Opinion
6 Div. 536.
June 7, 1917. Rehearing Denied December 24, 1917.
Appeal from Circuit Court, Jefferson County; J. E. Blackwood, Judge.
Tillman, Bradley Morrow and John S. Stone, of Birmingham, for appellant. Frank S. White Sons, of Birmingham, for appellee.
The majority of the court hold that the judgment should be affirmed. We are of the opinion that the tank wagon was properly classed for shipment as a part or appendage of the traction engine. If the tank wagon had been shipped separately, and not as a part of the traction engine, then the rate thereon would have been "double first class" and not "sixth class." The evidence shows that the tank wagon was a necessary part of the traction engine, if used in the country, where no water tanks or standpipes are available for purpose of furnishing water to the engine. The mere fact that it was not actually attached to the engine during its course of shipment, as it would be when both were used together, nor the fact that each could be used without the other, does not, in our judgment, furnish sufficient basis for making a separate classification for each.
That all parties to the shipment considered the tank a part of the engine, and so treated it, is made to appear.
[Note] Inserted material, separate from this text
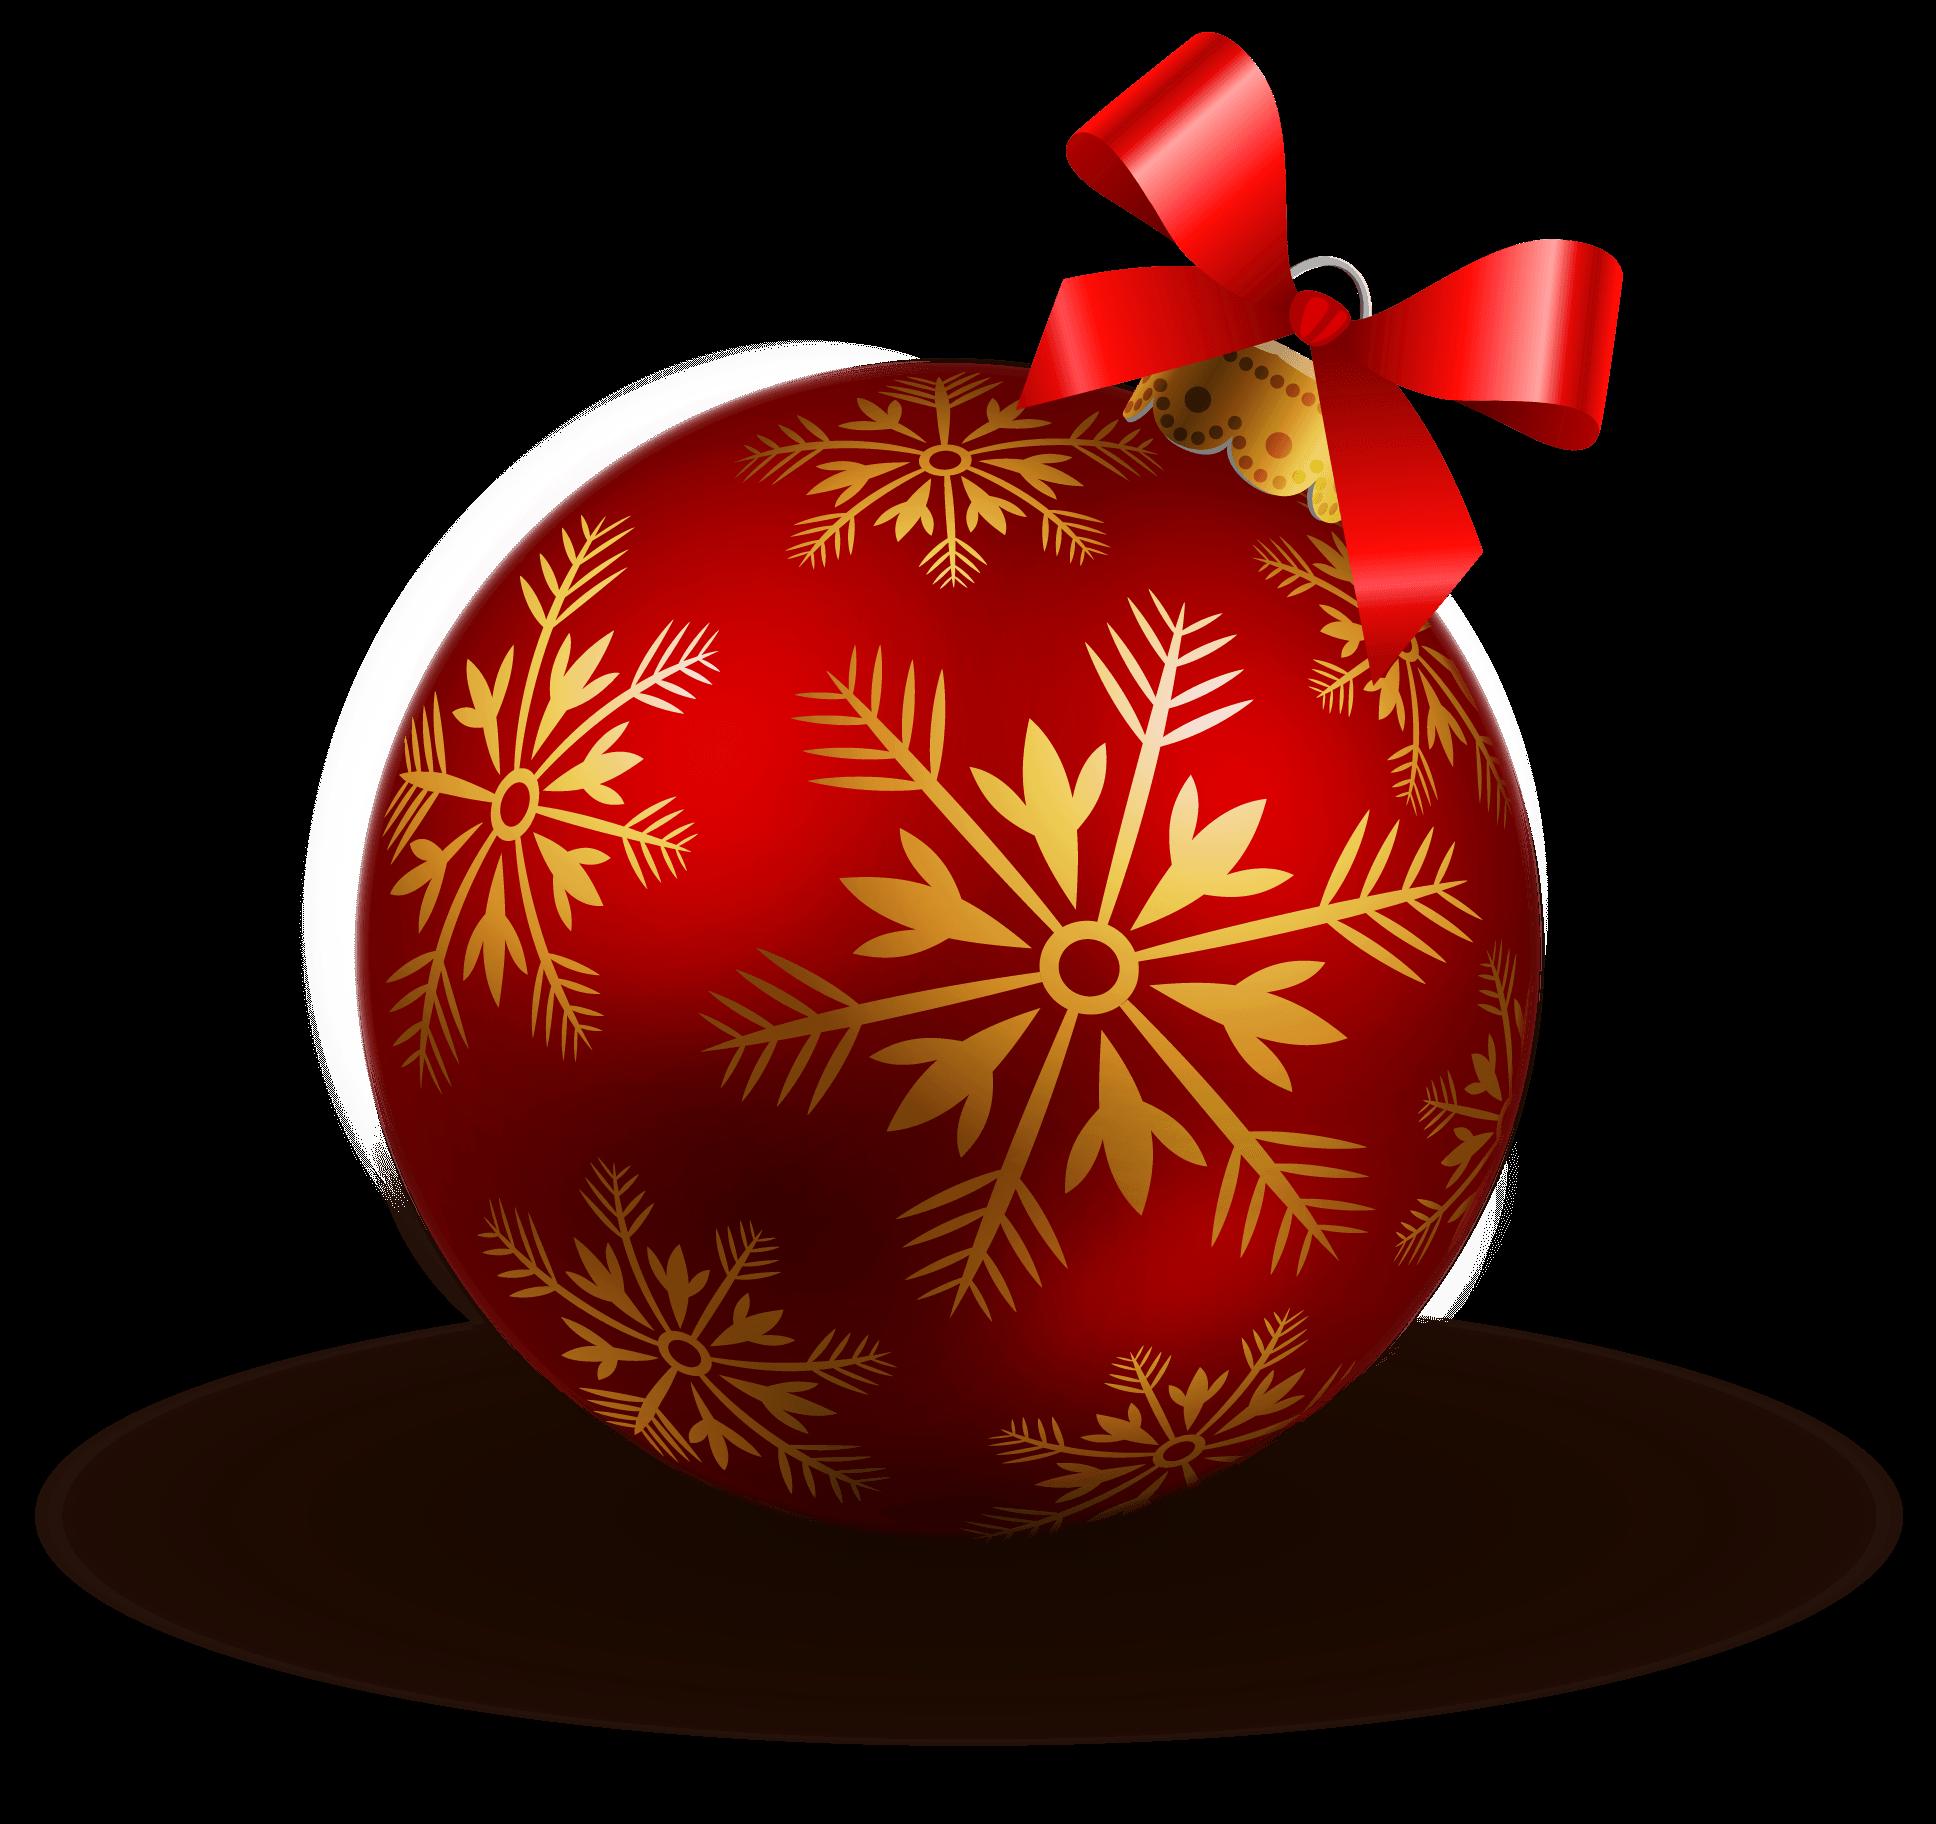 Transparent christmas ornaments tumblr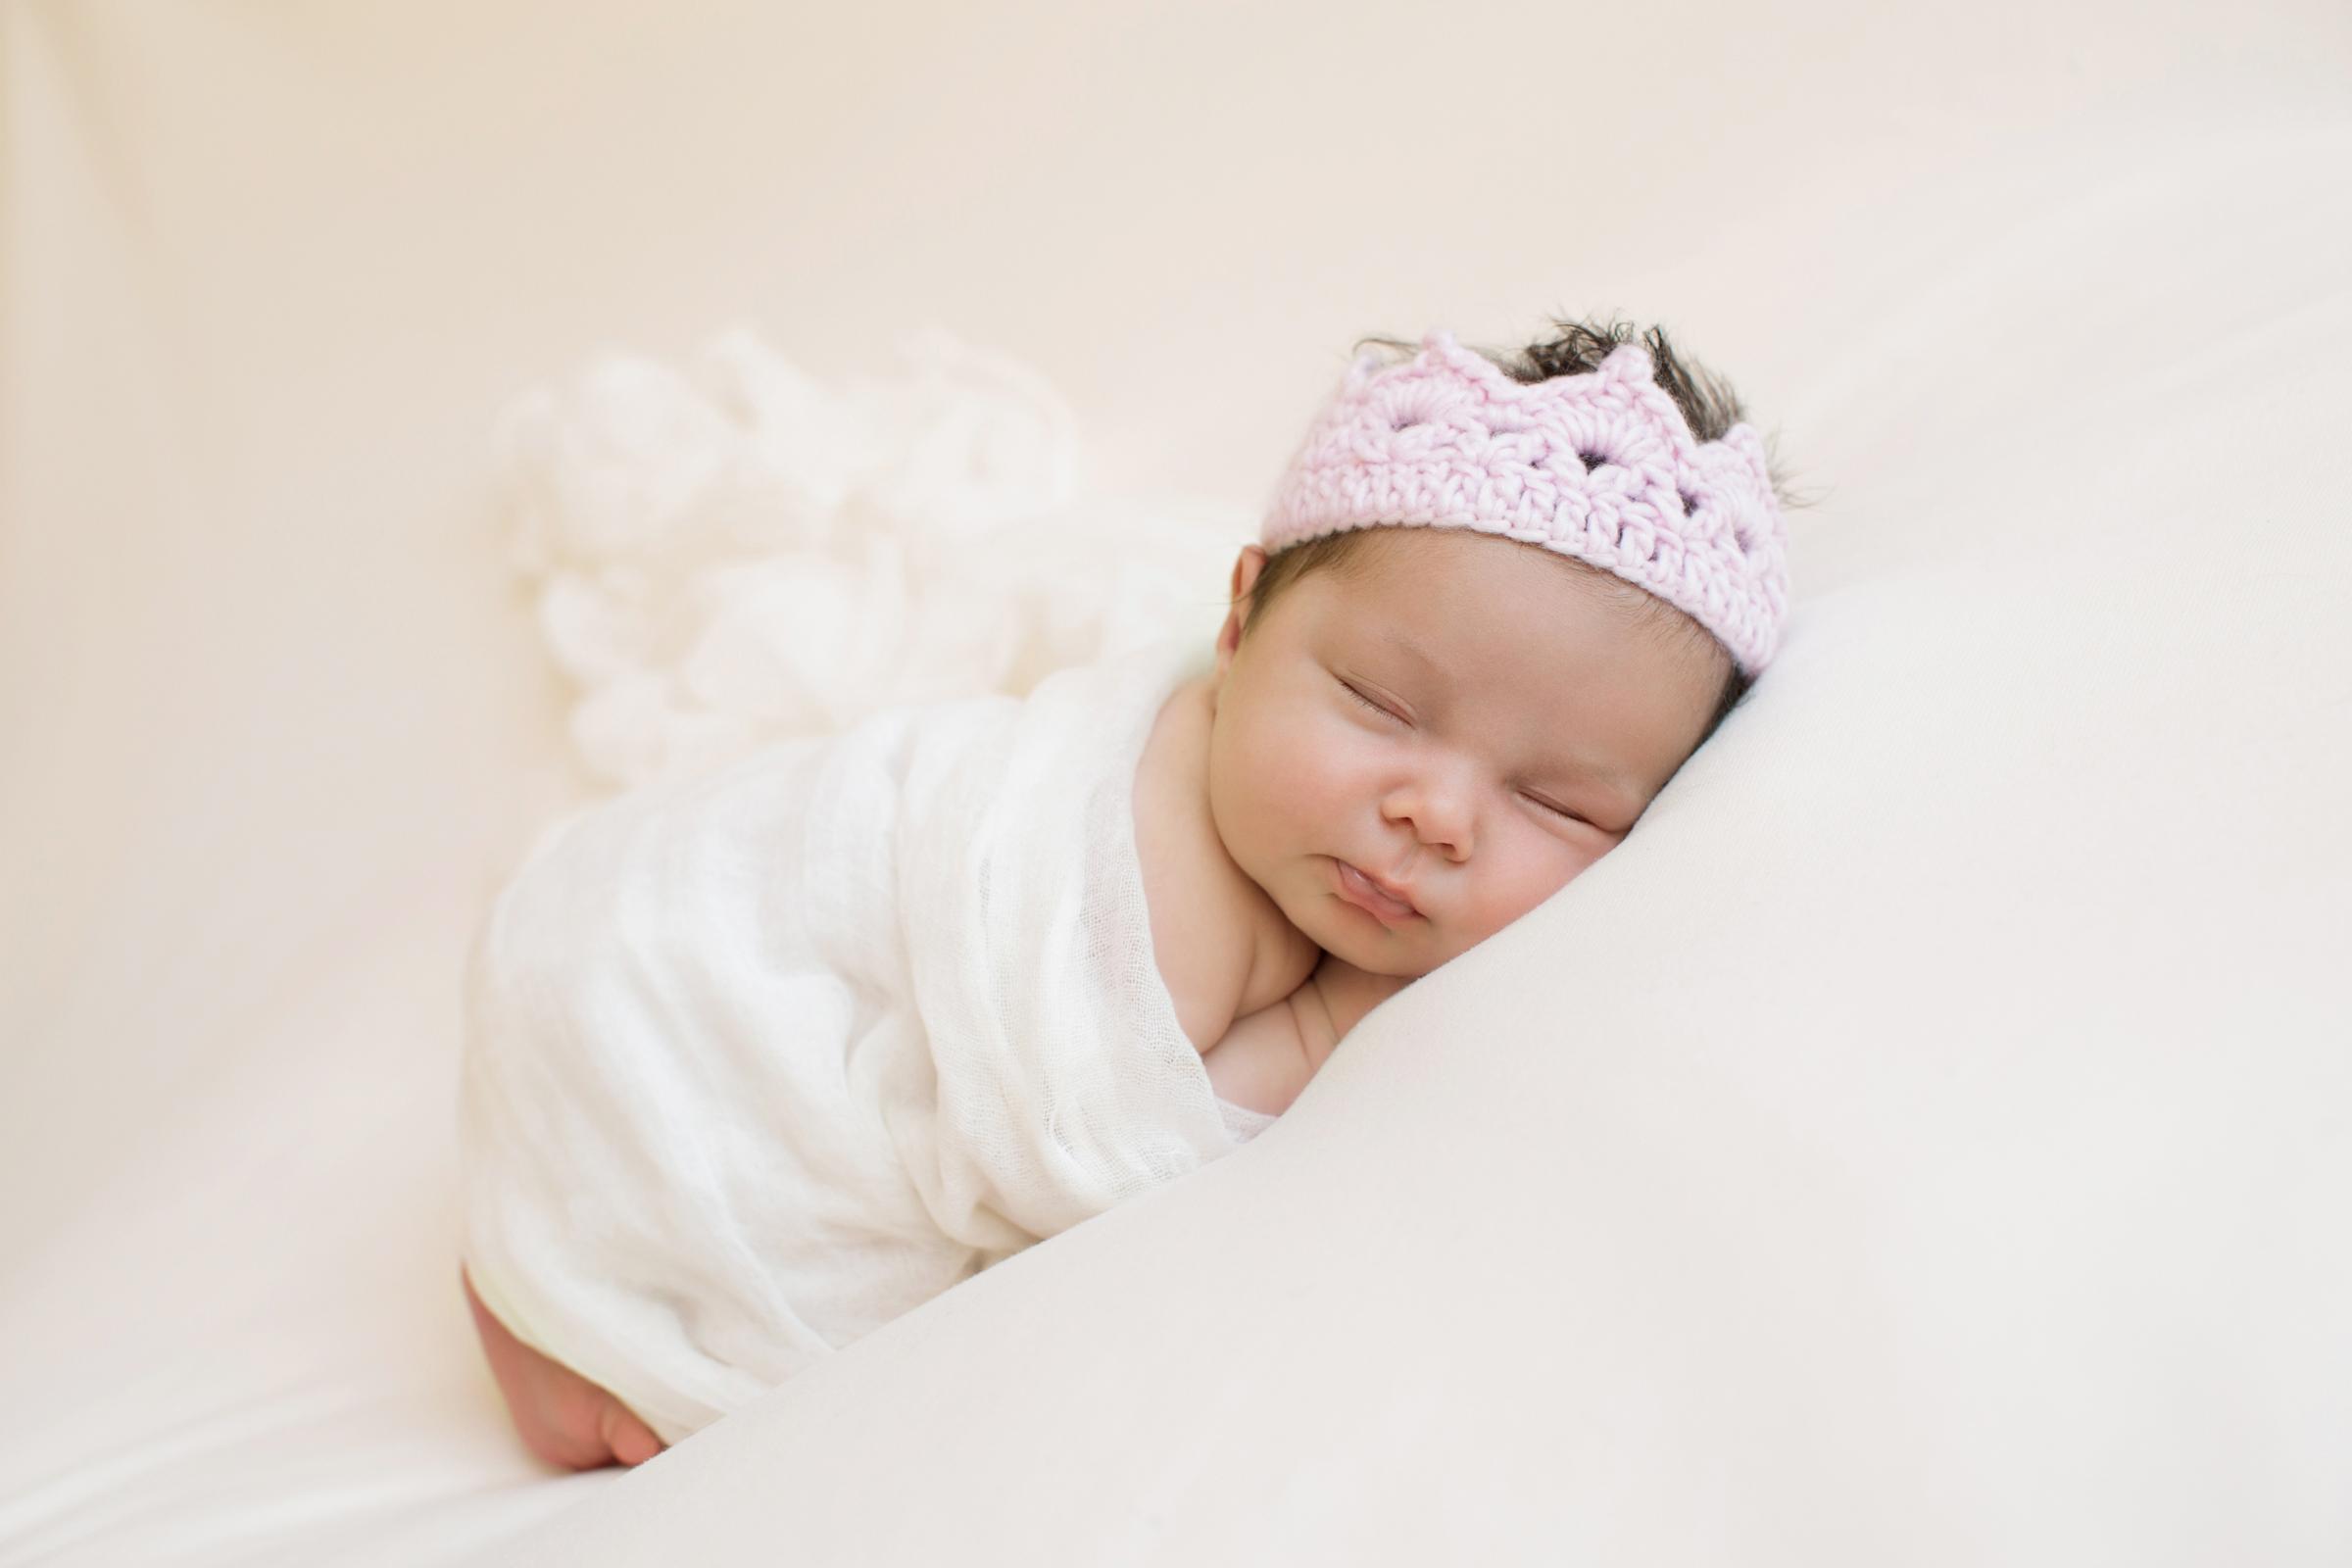 newborn-baby-girl-crowned.jpg

While this would not control if the classification was clearly unlawful, yet if the classification be doubtful, we may look to the conduct and dealings of the parties to the shipment in determining the proper classification.
Affirmed.
ANDERSON, C. J., and McCLELLAN and THOMAS, JJ., concur. SAYRE, SOMERVILLE, and GARDNER, JJ., dissent.
I am of the opinion that the tank wagon and pole which formed a part of this shipment cannot be regarded as a part of the traction engine in such sense as to authorize the classification of the shipment under that of "traction engines."
The engine is complete in itself, and can be used without such an appendage, however convenient and desirable the latter may be for some of the uses to which the engine may be put. So, manifestly, the "tank wagon" is complete in itself, and can be used, and is designed to be used, separate and apart from the engine.
On the undisputed facts I am constrained to conclude that plaintiff is entitled to recover the sum claimed for freight charges under a proper classification of the shipment.
SAYRE and GARDNER, JJ., concur in this dissent.